He dodged and weaved in a crouch, slashing the knife in sweeping arcs with his arms out wide. He was right-handed. I adopted a southpaw-boxing stance, the dagger in my right fist. Stepping with the right foot, and dragging the left to keep my balance, I took the fight to him. He ripped the blade at me twice and then lunged forward. I side-stepped, and punched at him with a three punch combination, right-left-right. One of them was a lucky punch. His nose broke, and his eyes watered and burned, blurring his vision. He lunged again, and tried to bring the knife in from the side. I grabbed at his wrist with my left hand, stepped into the space between his legs, and stabbed him in the chest. I was trying for the heart or a lung. It didn't hit either one, but still I rammed the spike up to the hilt into the meaty flesh beneath his collarbone. It broke the skin of his back just below the shoulder blade.

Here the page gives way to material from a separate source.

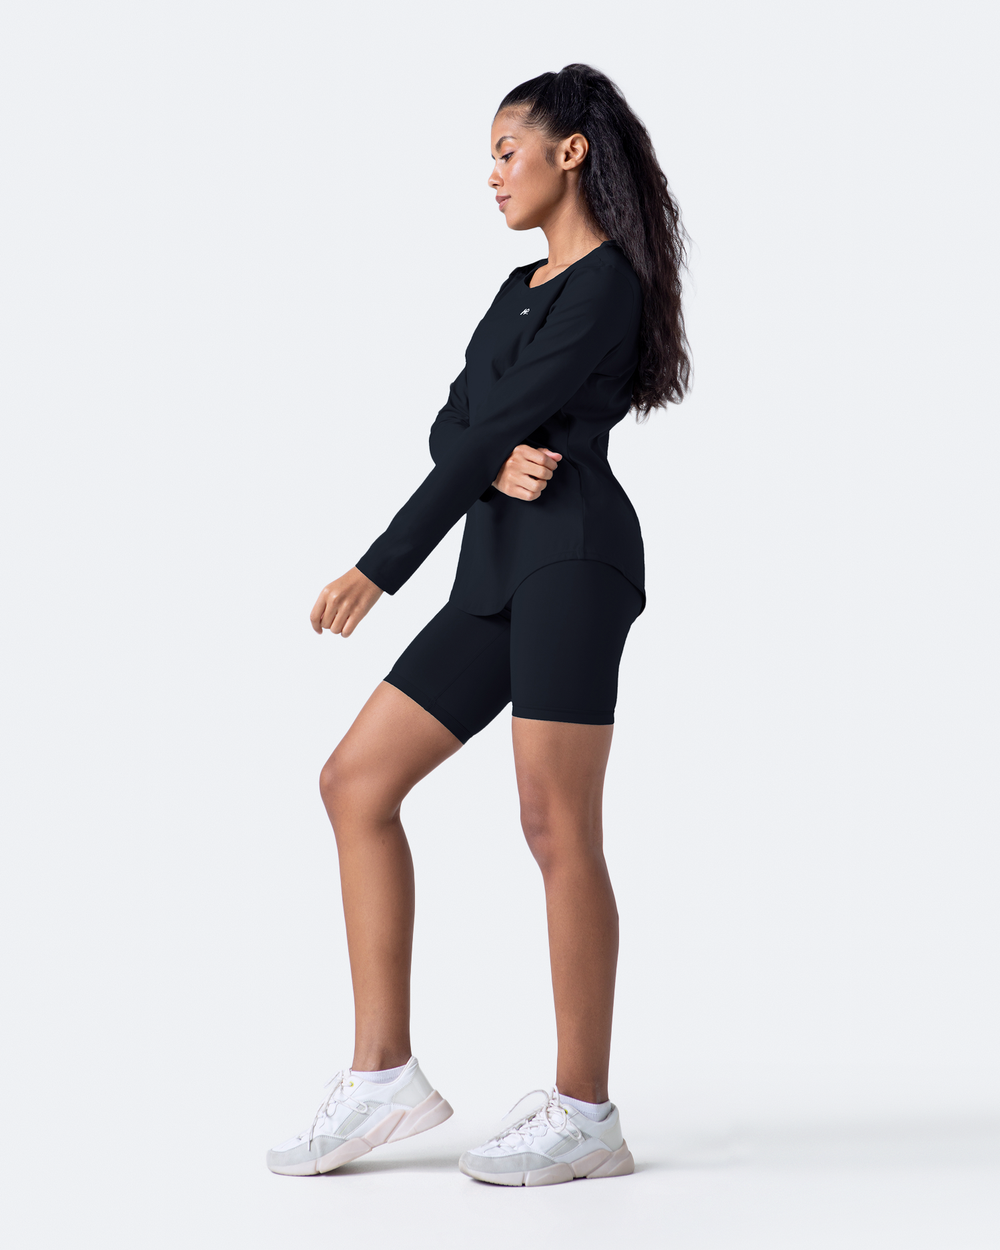 BetterMe Jet Black Long Sleeve and Bike Shorts Sports Set for women –  BetterMe Store
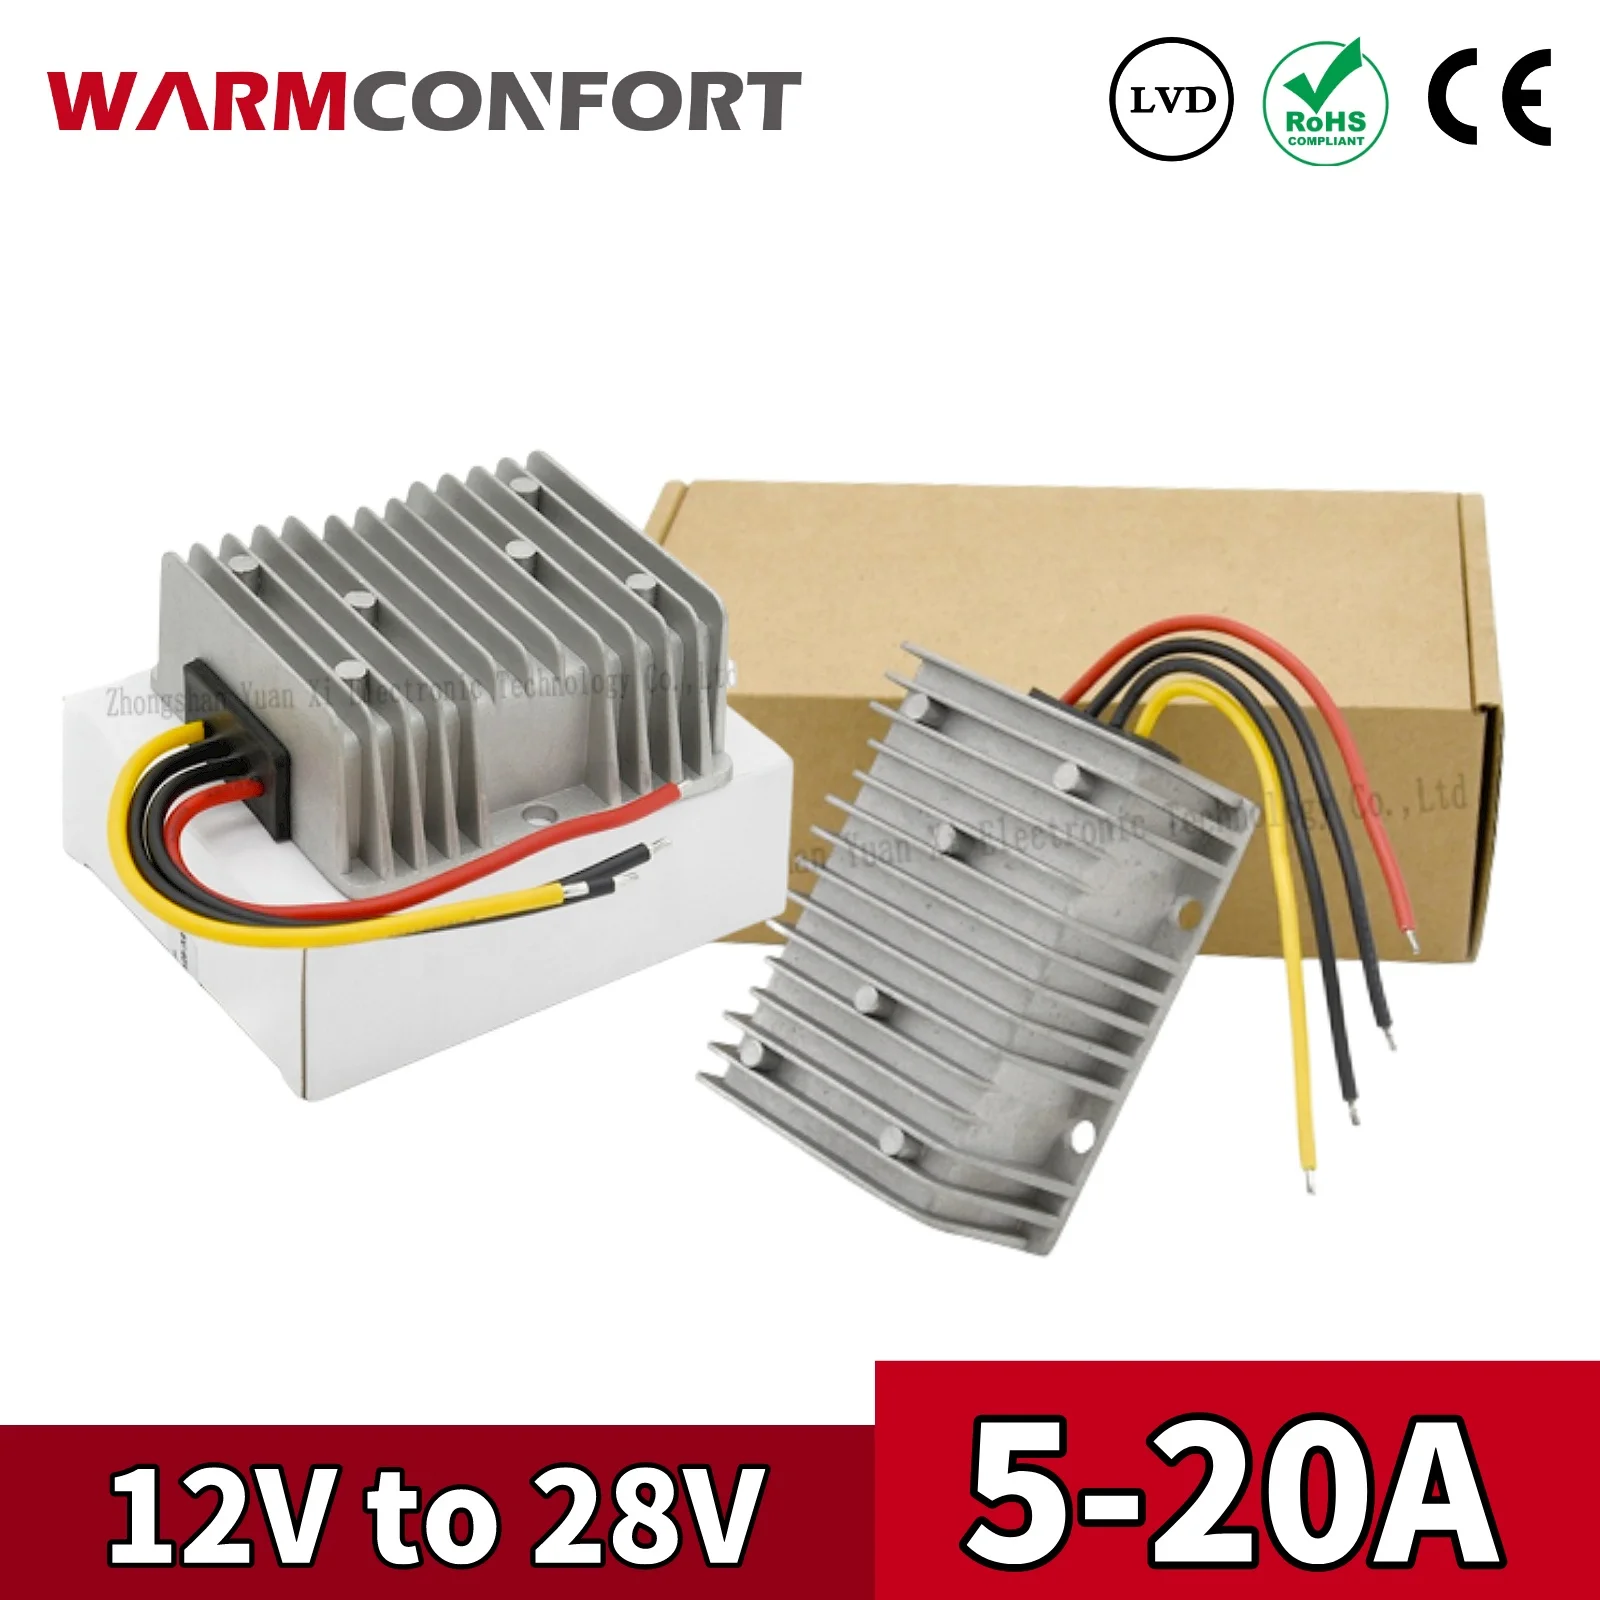 

Warmconfort DC 12V to 28V 5A 8A 10A 12A 15A 20A DC Step-up Power Converter Regulator Car Laptop Power Supply CE

He was jammed against a section of wall between a washing machine and a clothes-dryer. Using the spike to hold him in place, and with my left hand locked to his knife-wrist, I tried to bite his face and neck, but he whipped his head from side to side so swiftly that I opted for head-butts instead. Our heads cracked together several times until one desperate, wrenching effort of his legs sent us sprawling onto the floor together. He dropped his knife in the fall, but the spike tore free from his chest. He began to drag himself toward the door of the laundry. I couldn't tell if he was trying to escape or seeking a new advantage. I didn't take a chance. My head was level with his legs. Thrashing together on the ground, I reached up and grabbed the belt of his trousers. Using it for leverage, I stabbed him in the thigh twice, and again, and again. I struck bone more than once, feeling the jarring deflection all the way up my arm. Releasing his belt, I stretched my left hand out for his knife, trying to reach it so that I could stab him with that one as well.

He didn't scream. I'll say that much for him. He shouted hard for me to stop, and he shouted that he gave up-I give up! I give up!

I give up!-but he didn't scream. I did stop, and I let him live.

I scrambled to my feet. He tried again to crawl toward the door of the laundry. I stopped him with my foot on his neck, and stomped down on the side of his head. I had to stop him. If he'd made it out of the laundry while I was there, and the prison guards saw him, I would've spent six months or more in the punishment unit. While he lay there groaning on the floor, I took off my bloody clothes and changed into a clean set. One of the prisoners who cleaned the jail was standing outside the laundry, grinning in at us through the doorway with unspiteful enjoyment. I passed him the bundle of my soiled clothes. He smuggled the bloodied clothes away in his mop-bucket, and threw them into the incinerator behind the kitchen. On my way out of the laundry I handed the weapons to another man, who buried them in the prison garden.

When I was safely away from the scene, the man who'd tried to kill me limped into the prison chief's office, and collapsed. He was taken to hospital. I never saw him again, and he never opened his mouth. I'll say that much for him, too. He was a thug and a stand-over man, and he tried to kill me for no good reason, but he wasn't an informer.

Alone in my cell, after the fight, I examined my wounds. The gash on my forearm had made a clean cut through a vein. I couldn't report it to the medical officer because that would've connected me to the fight and the wounded man. I had to hope that it would heal. There was a deep slash from my left shoulder to the centre of my chest. It was also a clean cut, and it was bleeding freely.

I burned two packets of cigarette papers all the way down to white ash in a metal bowl, and rubbed the ash into both wounds.

It was painful, but it sealed the wounds immediately and stopped the bleeding.

I never spoke of the fight to anyone, but most of the men knew about it soon enough, and they all knew that I'd survived the test. The white scar on my chest, the scar that men saw every day in the prison shower, reminded them of my willingness to fight.

It was a warning, like the bright bands of colour on the skin of a sea snake. It's still there, that scar, as long and white after all these years as it ever was. And it's still a kind of warning.

I touch it, and I see the killer pleading for his life; I remember, reflected in the fright-filled domes of his eyes, fate's mirror, the sight of the twisted, hating thing that I became in the fight.